Sometimes I fry spinach with cheese and tomato and put it on chicken sandwiches. I saw a ladybug on a spinach leaf at the supermarket a few months ago.  I tried to pick it up, but it fell into the spinach. Whoever bought it got a surprise pet.


----------



## blue2 (May 20, 2013)

Pumpkin, but beware, only on hallowe'en does it reveal it's true nature & the evil face appears  ......seriously though I'll eat pretty much anything, but probably squash, zucchini & pumpkin the least so I'll put that, edit: not to big on sweet potatoes either, can't ever recall eating spinach or kale though.


----------



## twitchy666 (Apr 21, 2013)

the vegetable named "YOU!!!"
the word i hate the most


----------



## blue2 (May 20, 2013)

twitchy666 said:


> the vegetable named "YOU!!!"
> the word i hate the most


....Even if I cover myself in barbeque sauce :cry


----------



## Blue Dino (Aug 17, 2013)

Most of the veggies varies greatly depending on how you prepared, cooked and flavored them. But I think the two from the list I think I dislike regardless are corn and celery. Also not a big fan of spinach mostly due to its texture of it cooked, but at times it can taste pretty good. But that's rare. 

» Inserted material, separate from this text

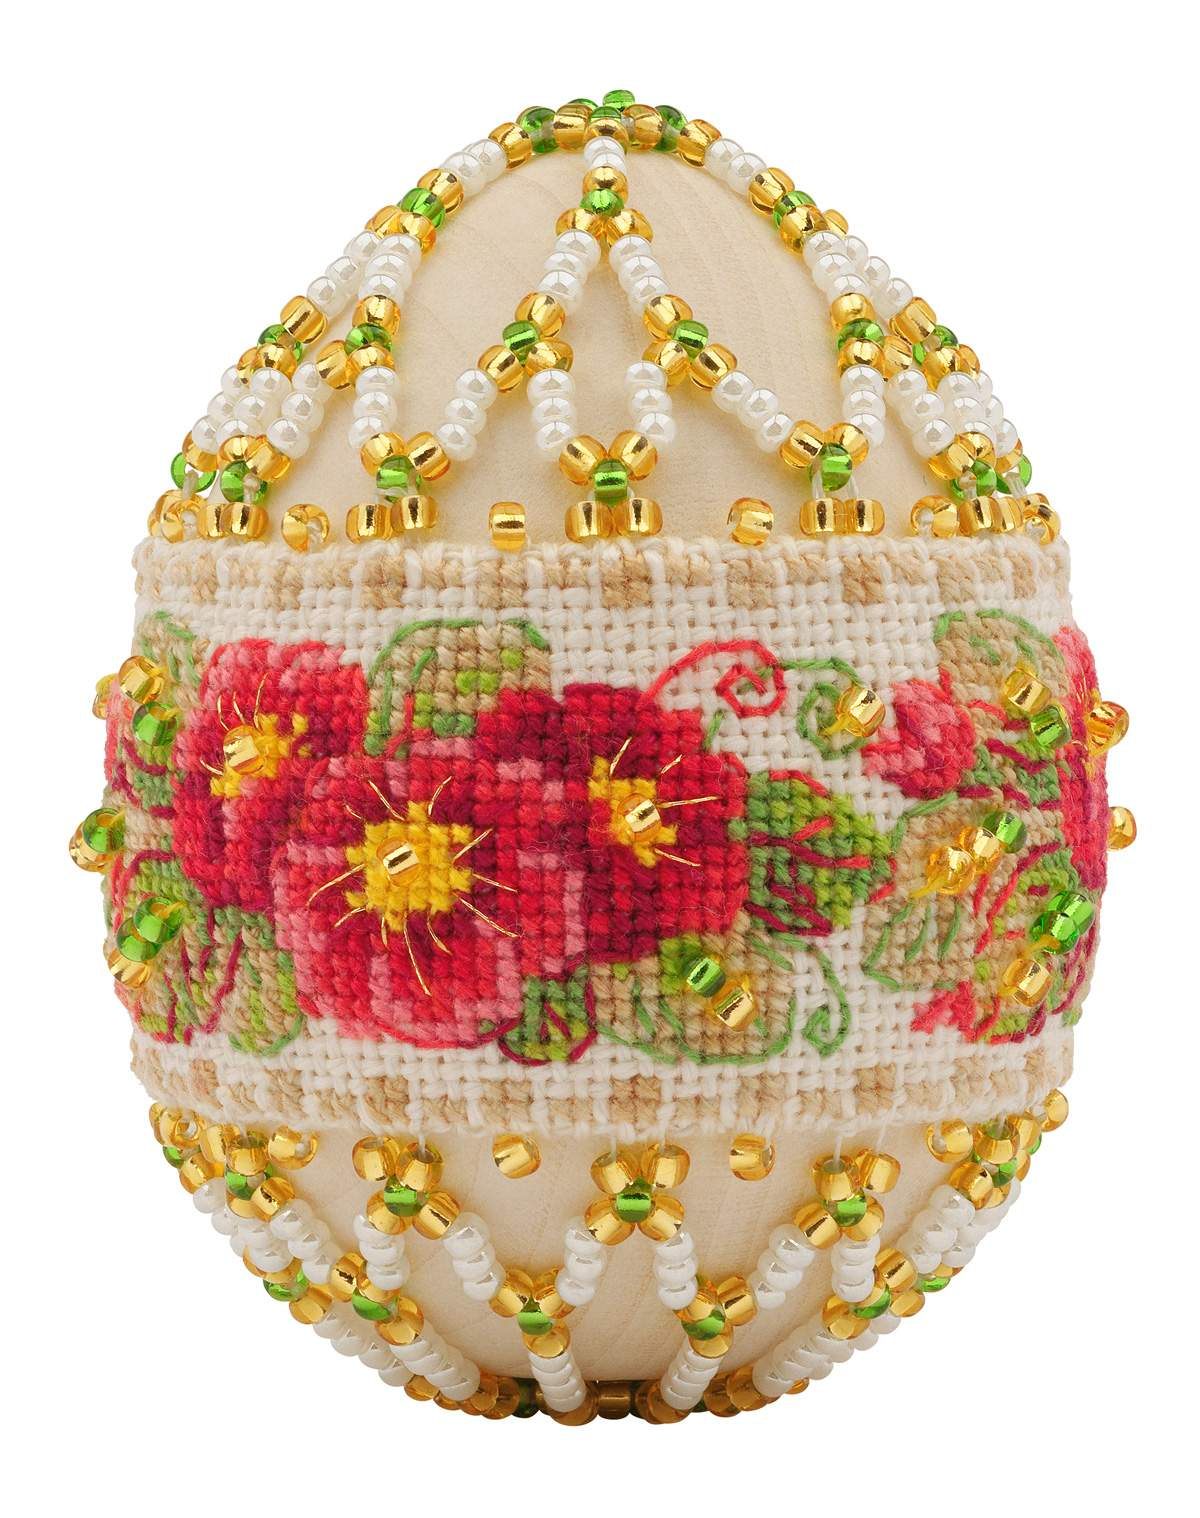 пасхальное яйцо Примула

I actually like Squash being if you cooked them and mush them, they make a good flavoring paste to various things you can mix it with. I always like doing this with brown rice.


----------



## Steve French (Sep 17, 2012)

I went for Brussels sprouts. And I have just now learned they aren't brussel sprouts. I don't mind them usually, but I find if you don't cook them right or well they get a bit bitter and gross tasting. I don't dislike most vegetables when I think about it. I don't love them either, it's just like, they are quite often bland or lacking something. All in how they are prepared or what they are served with. Like, I love a good salad. Or my mother's brown sugar carrots. But on their own carrots are just meh. Need a bit of sauce or something.


----------



## SplendidBob (May 28, 2014)

Love sprouts 

Hate the brocolli.

Haven't eaten pumpkin, don't intend to. 

Most other vegetables are tolerable, or nice depending on how they are cooked. You can make most things tolerable by cooking in butter, for example.

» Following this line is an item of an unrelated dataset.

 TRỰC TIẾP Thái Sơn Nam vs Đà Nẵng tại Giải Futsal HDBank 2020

Potato's shouldn't really be in the vegetables category imo. Vegetables are basically all grouped under the category of "foods with minimal hedonic value". Potato doesn't belong in that group.


----------



## Persephone The Dread (Aug 28, 2010)

I don't like broccoli or cauliflower much. I haven't tried kale, not sure I've tried squash either.


----------



## Suchness (Aug 13, 2011)

Oh yeah, I don't really like butter beans.


----------



## nubly (Nov 2, 2006)

mushrooms


----------



## Eleonora91 (Aug 3, 2018)

3stacks said:


> It's a well known fact in my mind that the bumps make them taste worse.


You should try them mate.


----------



## veron (Apr 29, 2009)

Pumpkin and celery are the worst. I don't think I could digest celery if I was paid to do so, lol

Broccoli - not a huge fan, but it's tolerable. I have liked some creamy sauces with broccoli.
Beans - are these vegetables? 
Peas, Corn - likeable
Spinach - adult spinach can be bitter, which is why I'm guessing a lot of people don't like it. I like to dice it up finely and add it to a bechamel sauce, with a bit of sugar, to take off the bitterness.
Kale - pretty good mixed with boiled potatoes, oil, salt, and a bit of garlic
Parsnips - this one is pretty bad. I forgot to vote for it
Lettuce - nice for a salad
Tomato - best vegetable ever
Radish - they're fairly watery and bland, so I'm not sure why people wouldn't like them
Capsicum/Bell Pepper - I love them cooked
Cauliflower - I'm a fan. I like making a "mashed potatoes" version of this vegetable, where you use cauliflower instead of potato
Cabbage - great cooked or raw
Zucchini/Squash - not sure what the difference is, but I love them
Carrot - OK
Potato - amazing, obviously
Brussels Sprouts - haven't had them much but they were OK from what I remember


----------



## copper (Nov 10, 2003)

Okrauke


----------



## farfegnugen (Aug 16, 2010)

I don't care for peas by themselves, but they're okay in stirfry and other dishes. I am not big into cooked mushrooms, I suppose that's not a veggie, though I don't mind them raw in salads is okay. I don't like a lot of cooked onion either in most things.


----------



## twistix (Sep 8, 2013)

How can you not like vegetables!


----------



## That Random Guy (Jan 31, 2015)

*Disclosure*

I only voted for Brussels Sprouts because the only time I recall trying them, they were prepared horribly.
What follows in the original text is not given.